Beyond the 1,500 patients enrolled in the pilot project, Mount Sinai has enrolled a total of 25,000 patients in BioMe™. “Enrolling this number of patients is a significant achievement for Mount Sinai and combined with programs such as CLIPMERGE, is propelling us to the forefront of precision medicine and its application in the clinical setting,” said Dennis S. Charney, MD, Anne and Joel Ehrenkranz Dean of Mount Sinai School of Medicine and Executive Vice President for Academic Affairs of The Mount Sinai Medical Center. “The future of medicine lies in genomics research and translating it to the bedside – and Mount Sinai’s commitment to translational research makes us uniquely poised to lead that revolution.”
The Mount Sinai BioMe™ Biobank, established in 2007 with a donation from the Andrea and Charles Bronfman Philanthropies, is now one of the largest repositories of its kind in the U.S. For more information, go to:http://icahn.mssm.edu/research/institutes/institute-for-personalized-medicine/innovation-and-technology/biome-platform.

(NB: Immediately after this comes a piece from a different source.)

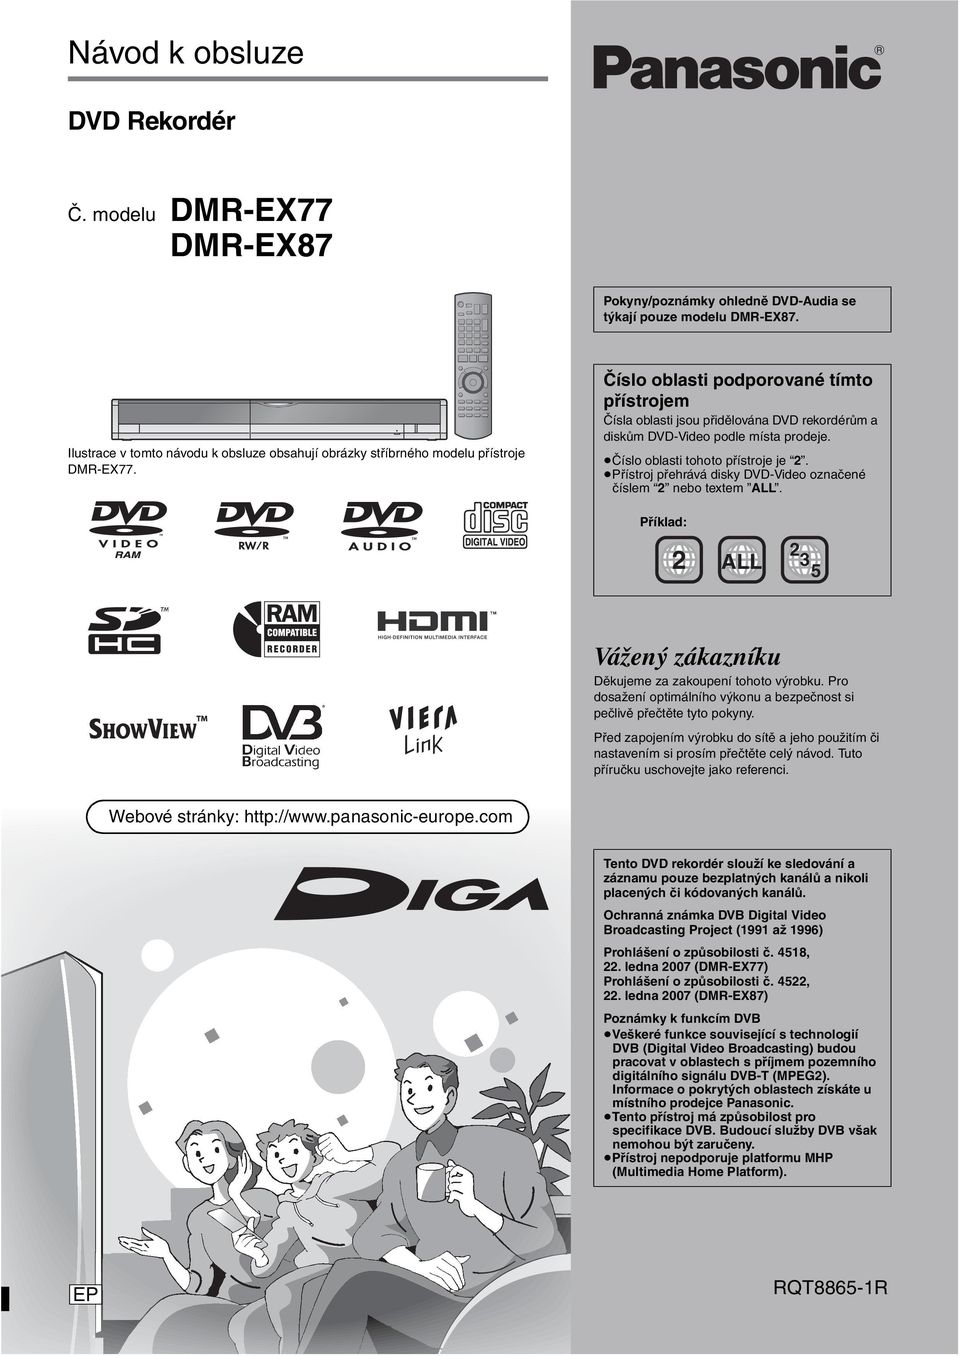 Číslo oblasti podporované tímto přístrojem Čísla oblasti jsou přidělována DVD rekordérům a diskům DVD-Video podle místa prodeje. Číslo oblasti tohoto přístroje je 2.

About The Mount Sinai Medical Center
The Mount Sinai Medical Center encompasses both The Mount Sinai Hospital and Icahn School of Medicine at Mount Sinai. Established in 1968, the Icahn School of Medicine is one of the leading medical schools in the United States, and is noted for innovation in education, biomedical research, clinical care delivery, and local and global community service. It has more than 3,400 faculty in 32 departments and 14 research institutes, and ranks among the top 20 medical schools both in National Institutes of Health (NIH) funding and by U.S. News & World Report.
The Mount Sinai Hospital, founded in 1852, is a 1,171-bed tertiary- and quaternary-care teaching facility and one of the nation’s oldest, largest and most-respected voluntary hospitals. In 2012, U.S. News & World Report ranked The Mount Sinai Hospital 14th on its elite Honor Roll of the nation’s top hospitals based on reputation, safety, and other patient-care factors. Mount Sinai is one of 12 integrated academic medical centers whose medical school ranks among the top 20 in NIH funding and by U.S. News & World Report and whose hospital is on the U.S. News & World Report Honor Roll. Nearly 60,000 people were treated at Mount Sinai as inpatients last year, and approximately 560,000 outpatient visits took place.